**Instructions to follow:** What is needed is the full listing written out exactly, minus the pictures.

**Provided data:**
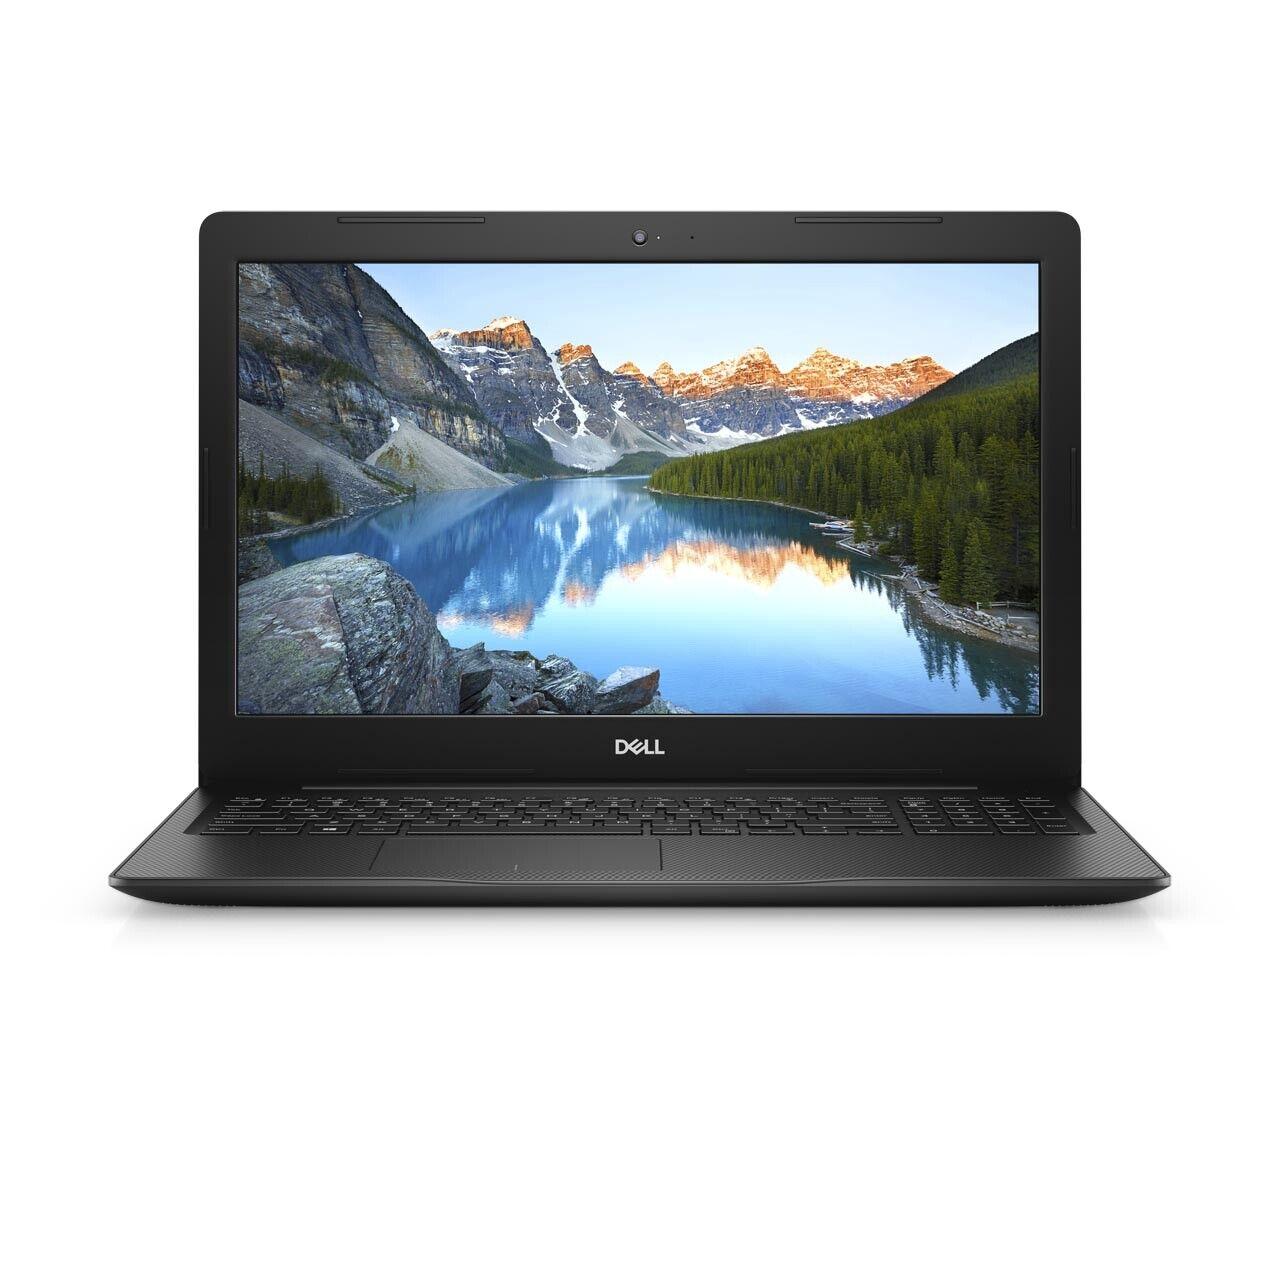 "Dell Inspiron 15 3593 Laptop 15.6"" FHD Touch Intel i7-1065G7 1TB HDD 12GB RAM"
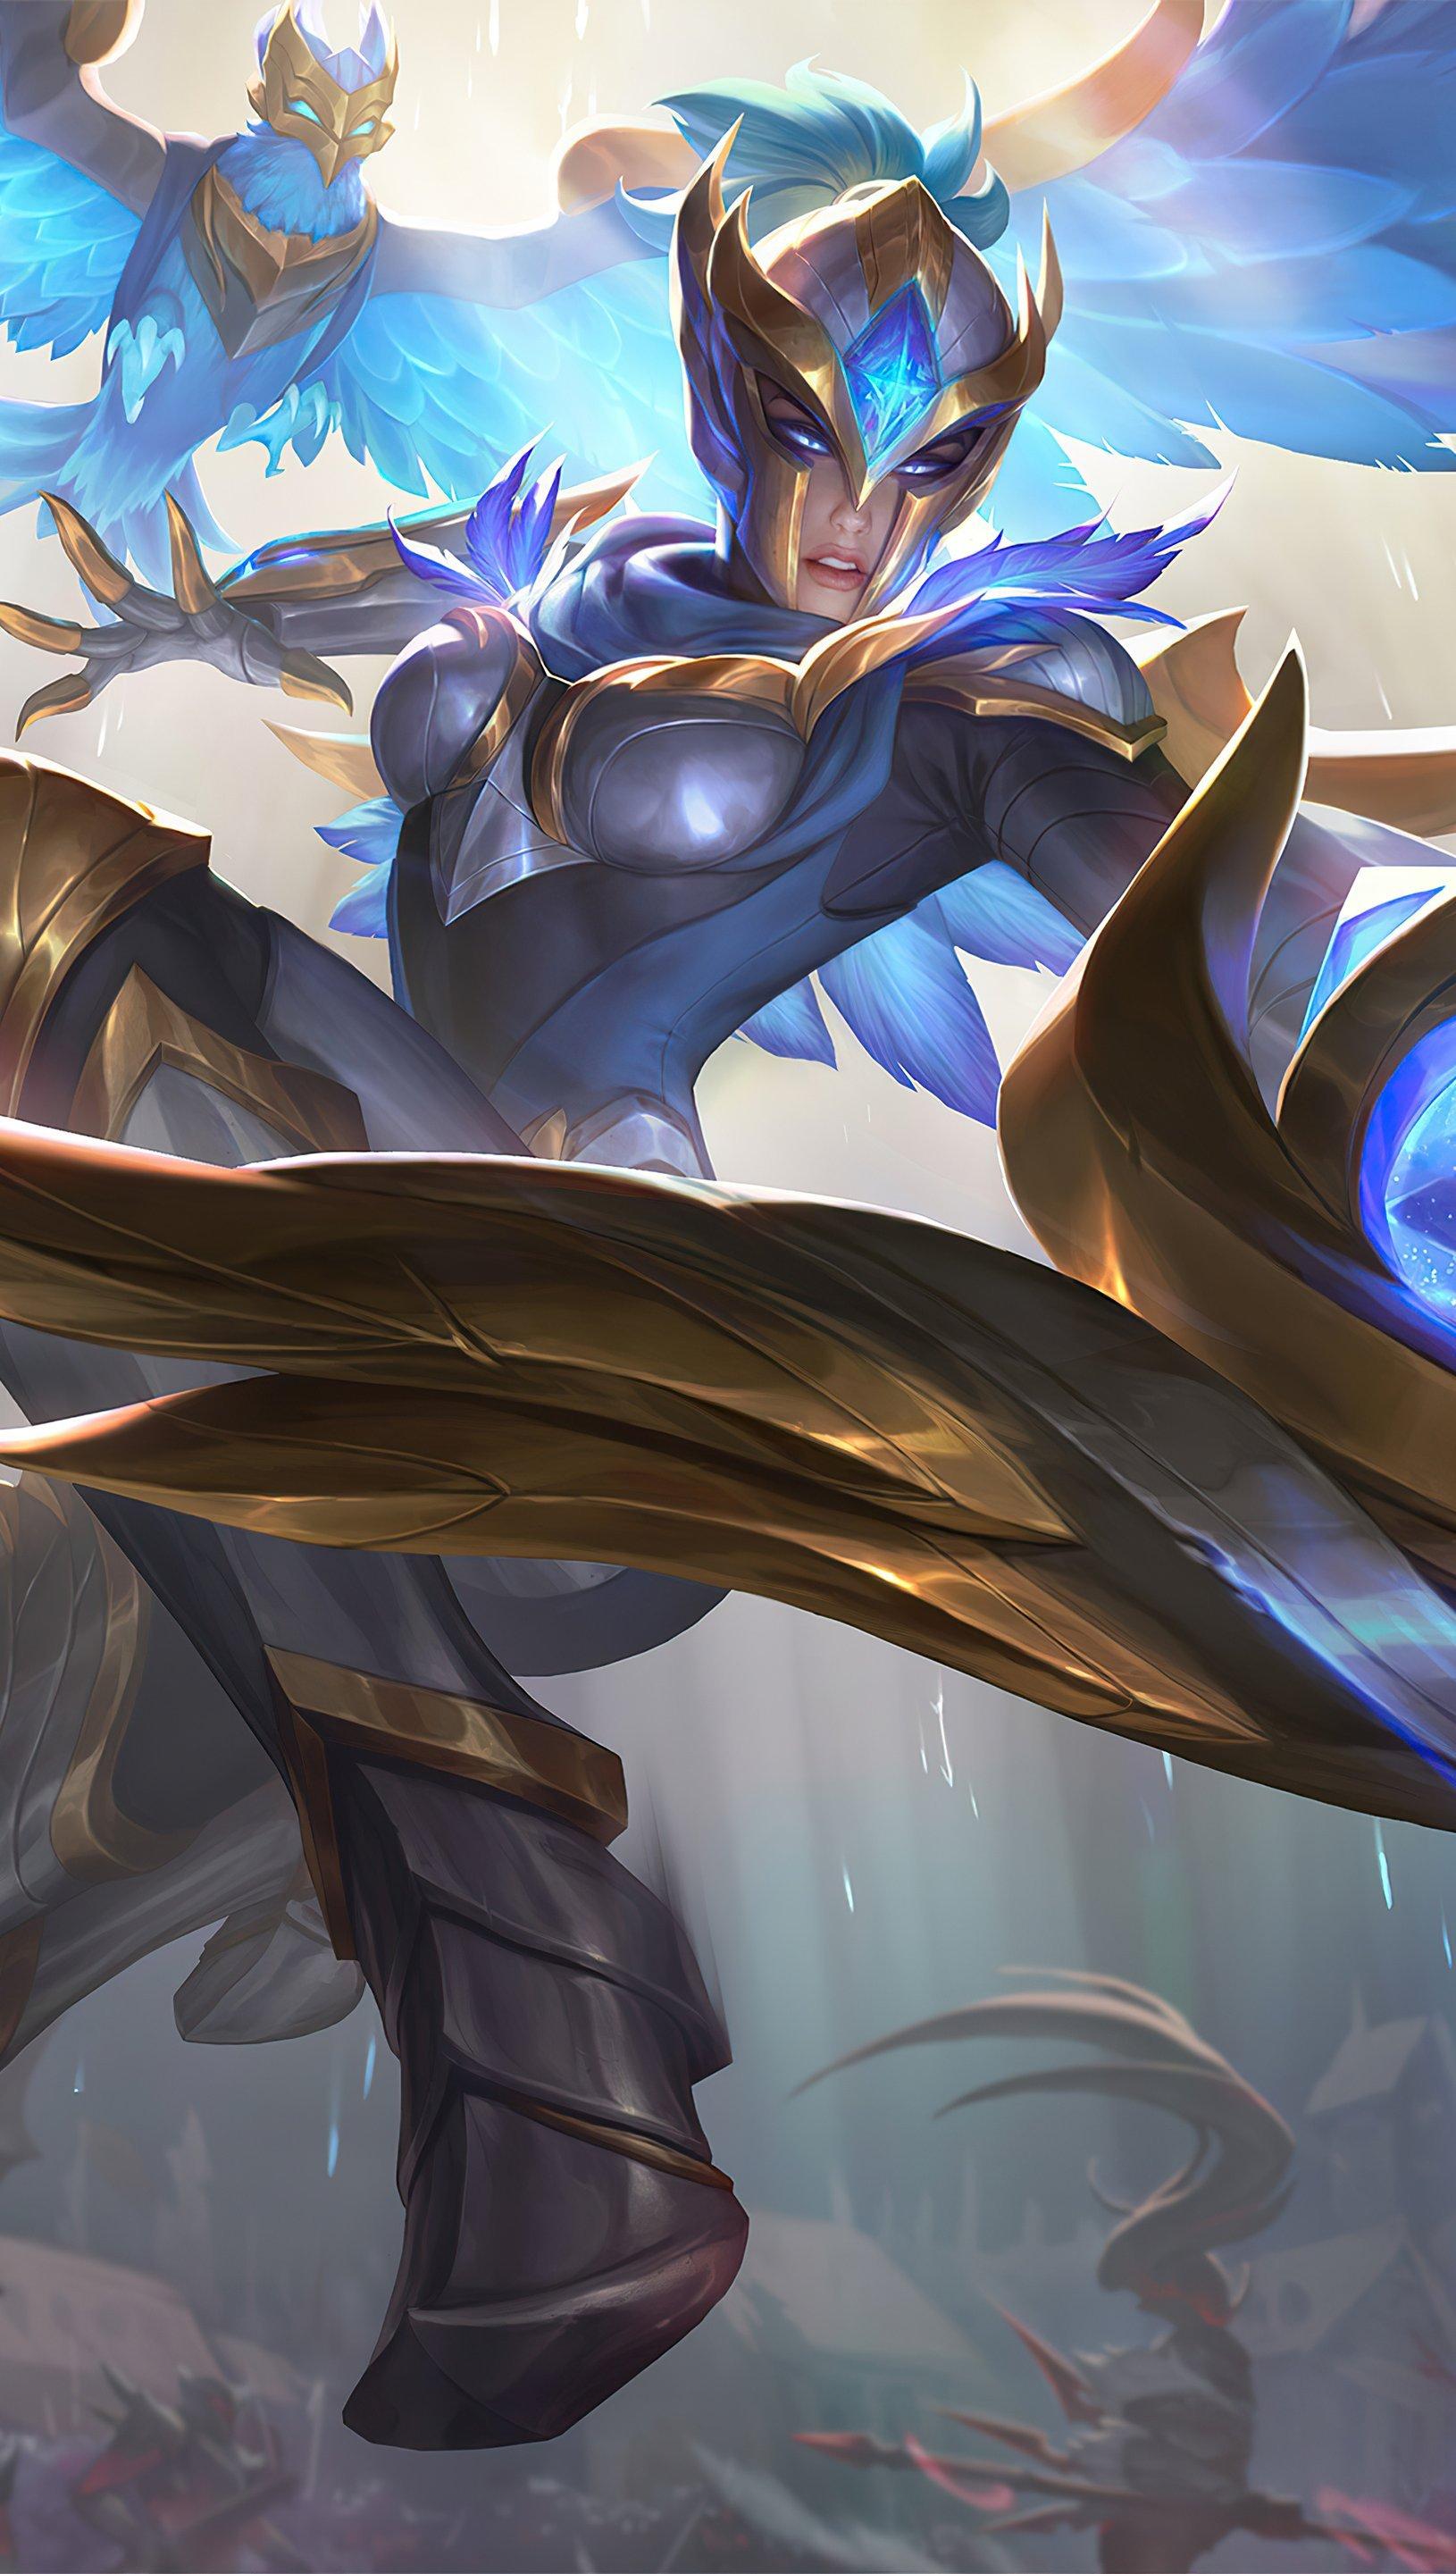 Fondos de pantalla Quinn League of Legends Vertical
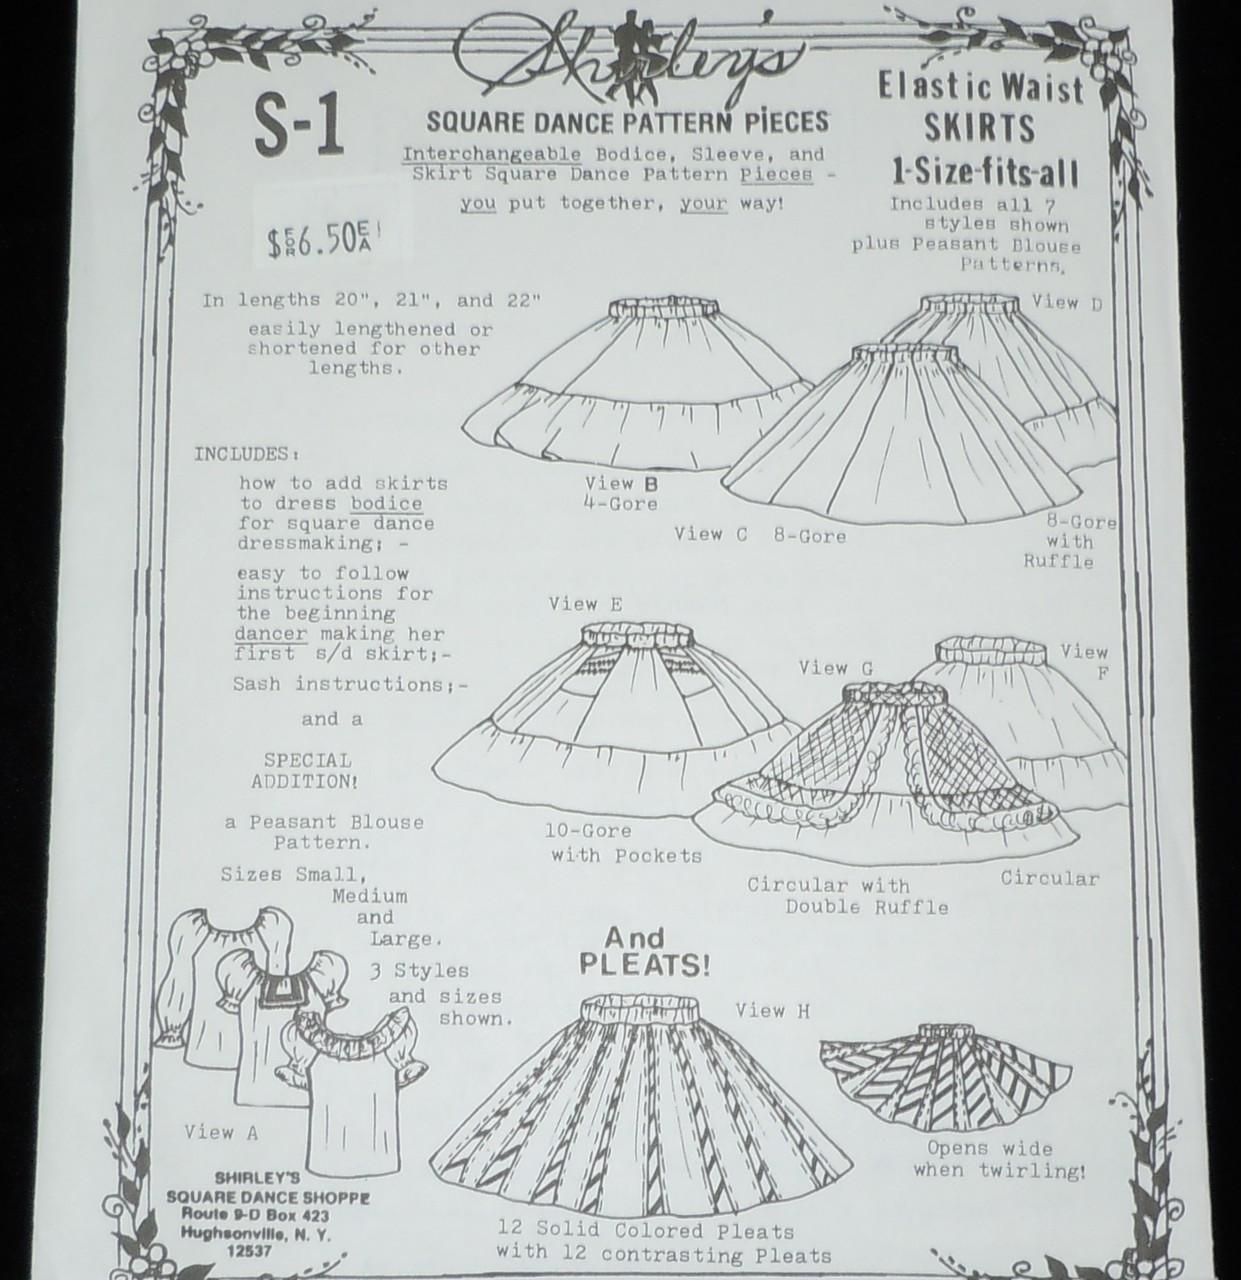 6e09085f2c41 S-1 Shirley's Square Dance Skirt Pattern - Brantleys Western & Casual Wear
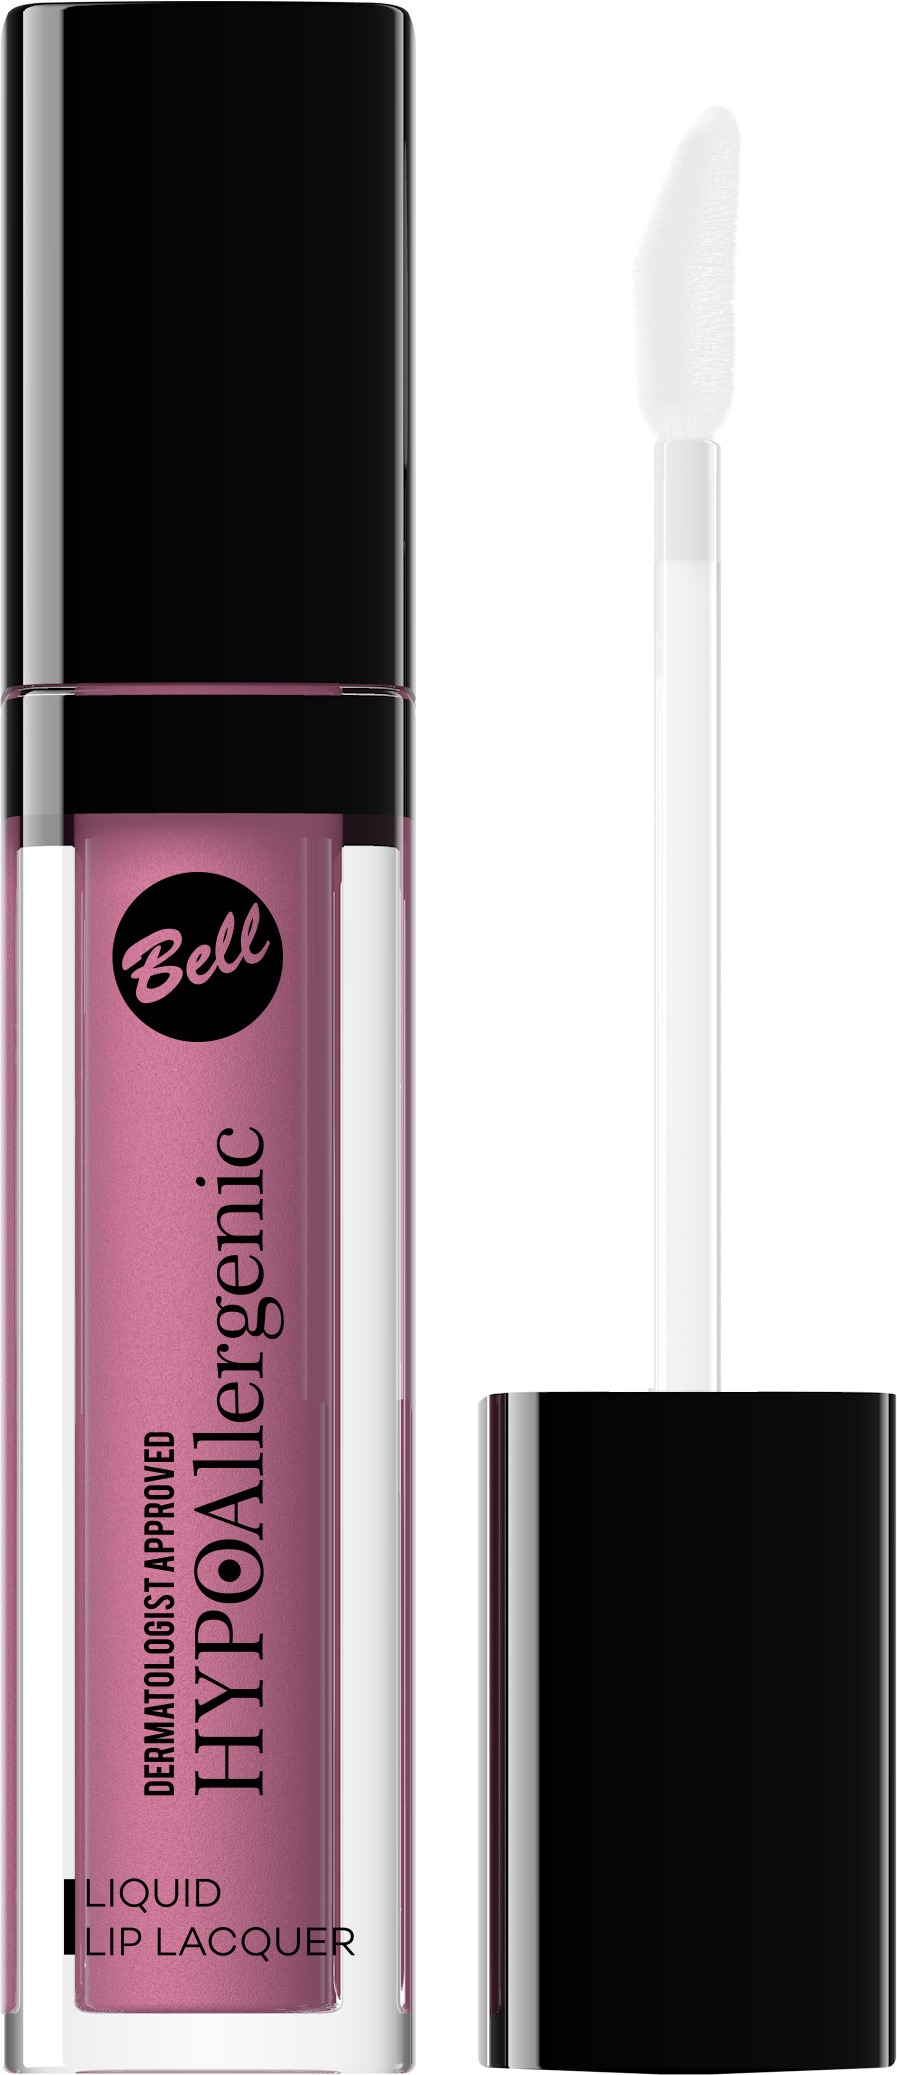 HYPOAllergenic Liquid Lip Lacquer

**Completed task:**
 "Dell Inspiron 15 3593 Laptop 15.6"" FHD Touch Intel i7-1065G7 1TB HDD 12GB RAM"
 Fondos de pantalla Quinn League of Legends Vertical
 6e09085f2c41 S-1 Shirley's Square Dance Skirt Pattern - Brantleys Western & Casual Wear
 HYPOAllergenic Liquid Lip Lacquer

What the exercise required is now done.